How Federal Prosecutors Are Able to Charge Jeffrey Epstein Years after a Non-Prosecution Agreement

Ten years ago the United States Attorney for the Southern District of Florida signed a non-prosecution agreement with financier Jeffrey Epstein.  The agreement required Epstein to plead to two state charges of solicitation, register as a sex offender, and serve a term of 13 months in county jail.  The sentence was less than appeared as Epstein left on work release for 12 hours six days a week and apparently served his sentence in a private area of the jail.  The agreement effectively ended the investigation in south Florida of Epstein’s trafficking in children for sexual purposes.

Now, the United States Attorney for the Southern District of New York has indicted Epstein for essentially the same conduct covered by the Southern District of Florida non-prosecution agreement.  How is that possible?  Was the agreement defective?  Was Epstein’s legal team duped?

Criminal prosecution in the United States is divided among sovereigns.  Each state is a sovereign and may prosecute crimes over which its courts have jurisdiction.  Likewise, the federal government is a sovereign and may prosecute cases over which federal courts exercise jurisdiction.  The federal courts are divided into 93 separate districts.  The Southern Districts of Florida and New York comprise two of these districts.  The United States Attorney in each district is the chief federal law enforcement official for the district, having been appointed by the President and confirmed by the Senate.  

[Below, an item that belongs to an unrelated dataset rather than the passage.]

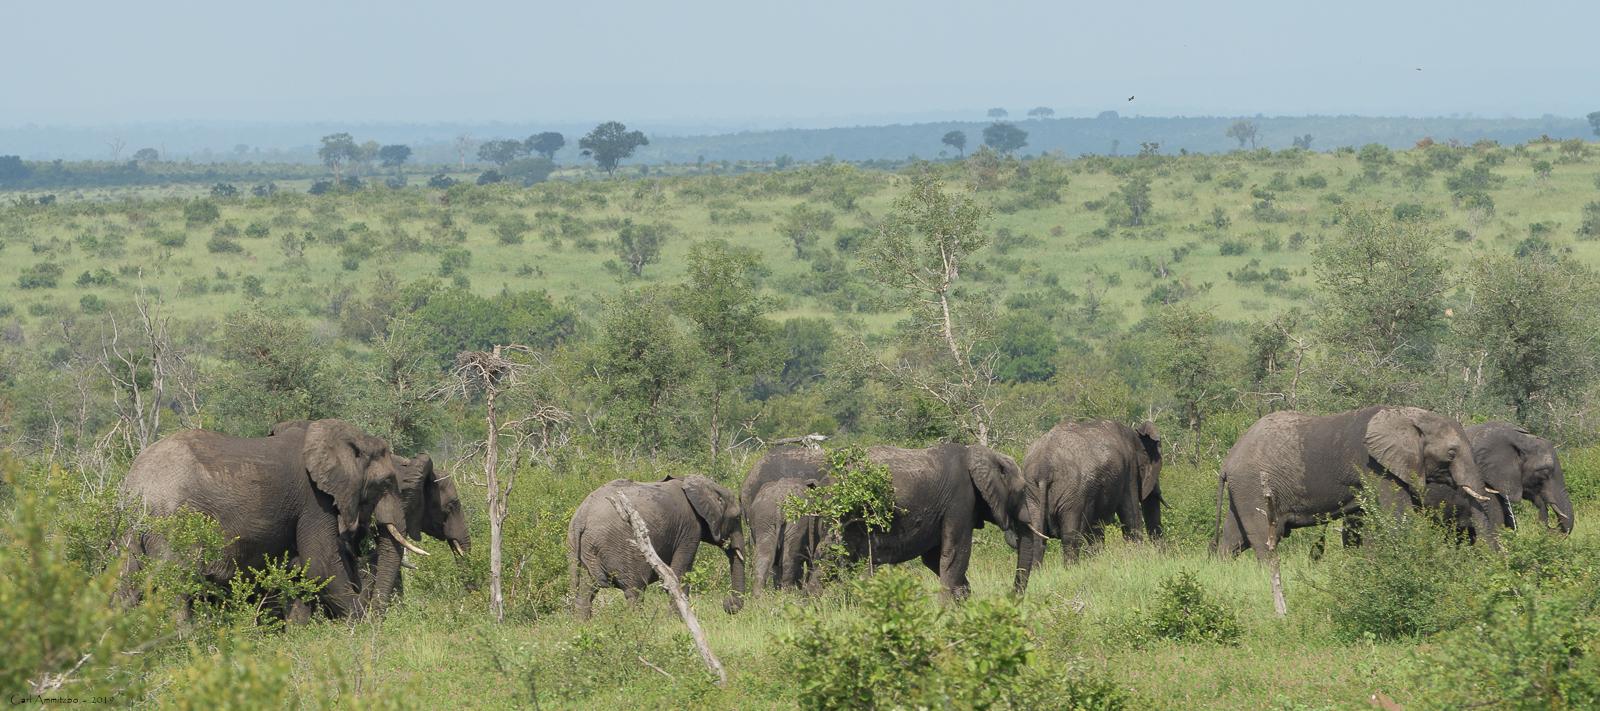 07 - 0221 - Elefant - 31 - Kruger
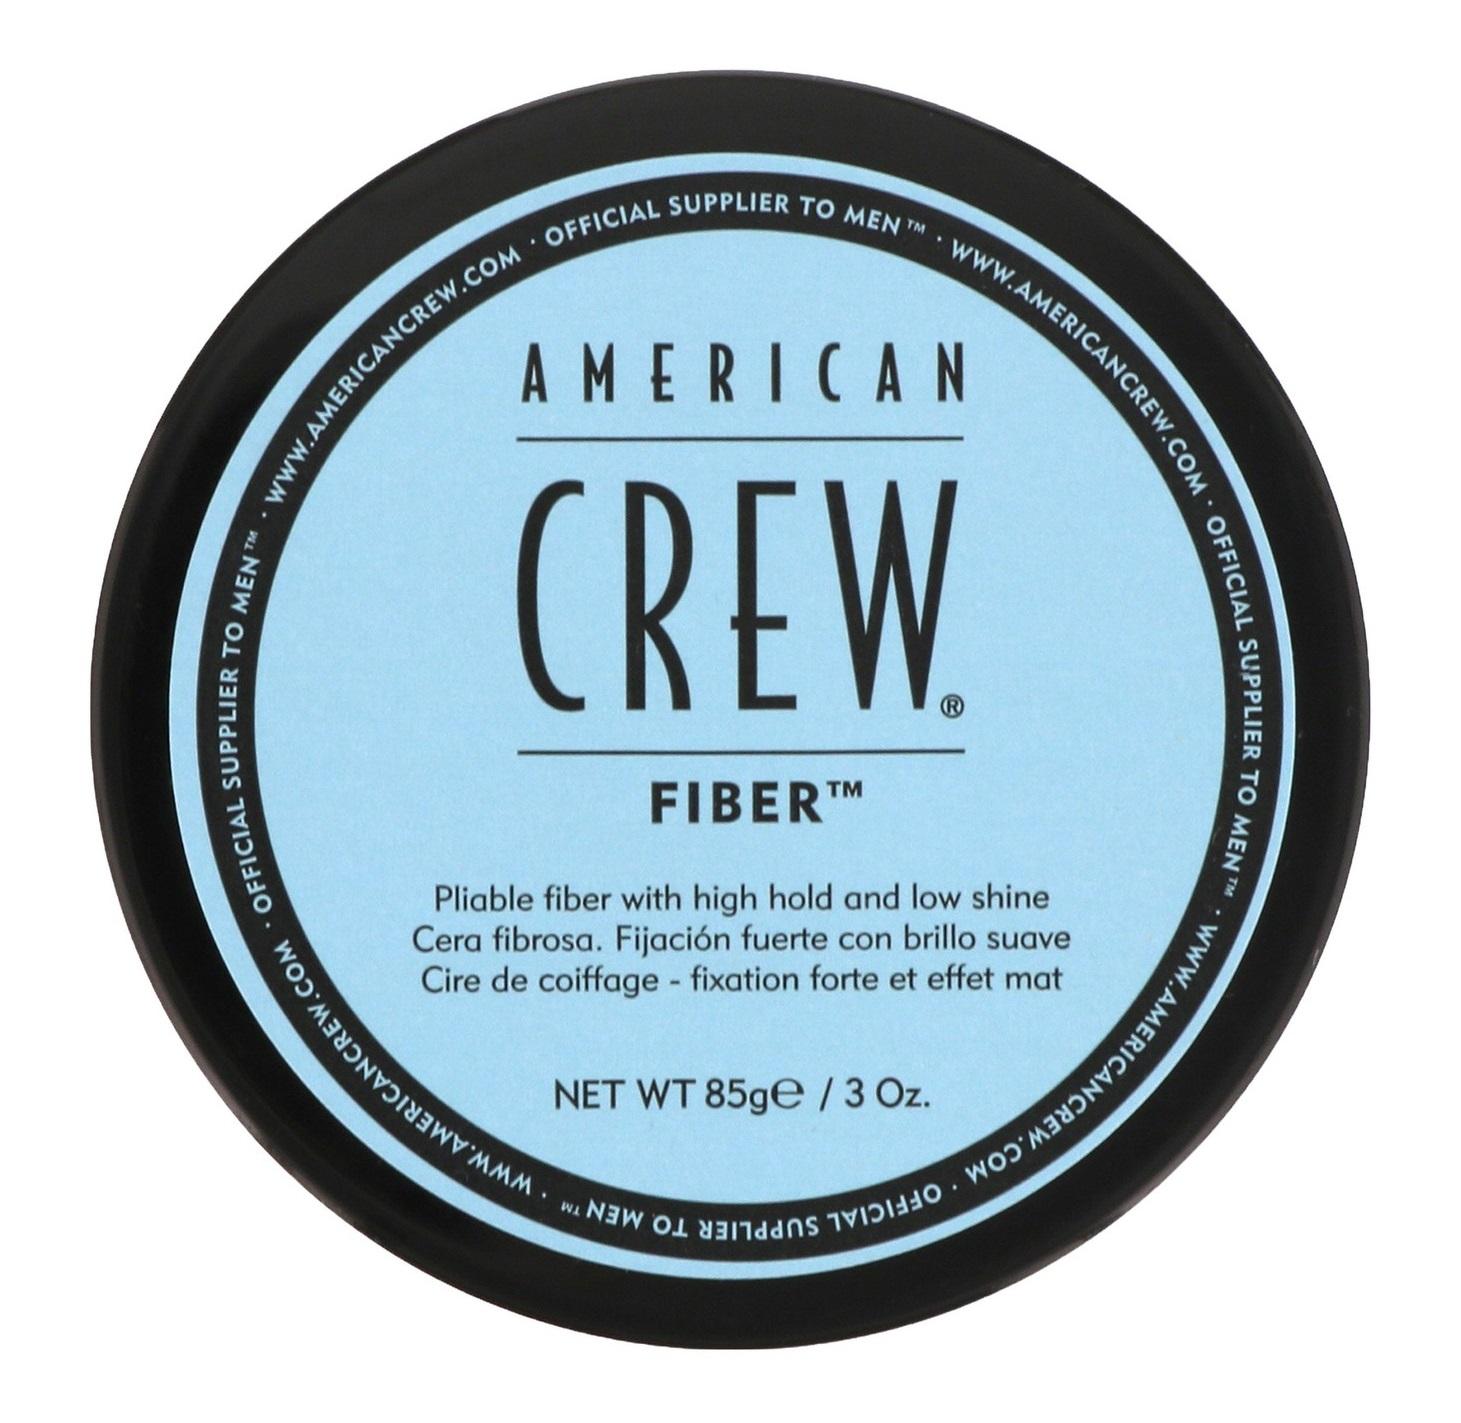 AMERICAN CREW Паста для укладки усов с низким уровнем блеска, для мужчин / FIBER 85 мл

As the chief law enforcement officer of a district the United States Attorney may enter into agreements binding his or her district.  Any such agreement does not bind the United States Attorneys in other districts.  In fact, the typical agreement into which a United States Attorney’s Office enters specifies that the agreement is with that office.  Thus, the agreement that Epstein signed with the Southern District of Florida bound that office and no other district.  (When the United States Attorney for the Northern District of Georgia reviewed the agreement, that office determined that it bound the Southern District of Florida.)  Thus, when the investigation in New York uncovered evidence that the Southern District of New York also had jurisdiction over a potential case, there was not impediment to the United States Attorney for the Southern District of New York charging Epstein.

Finally, one should note how rare it is for a United States Attorney’s Office to bring a criminal case after another United States Attorney has investigated and signed a non-prosecution agreement.  In my experience of more than 30 years of federal criminal practice I have never seen it happen.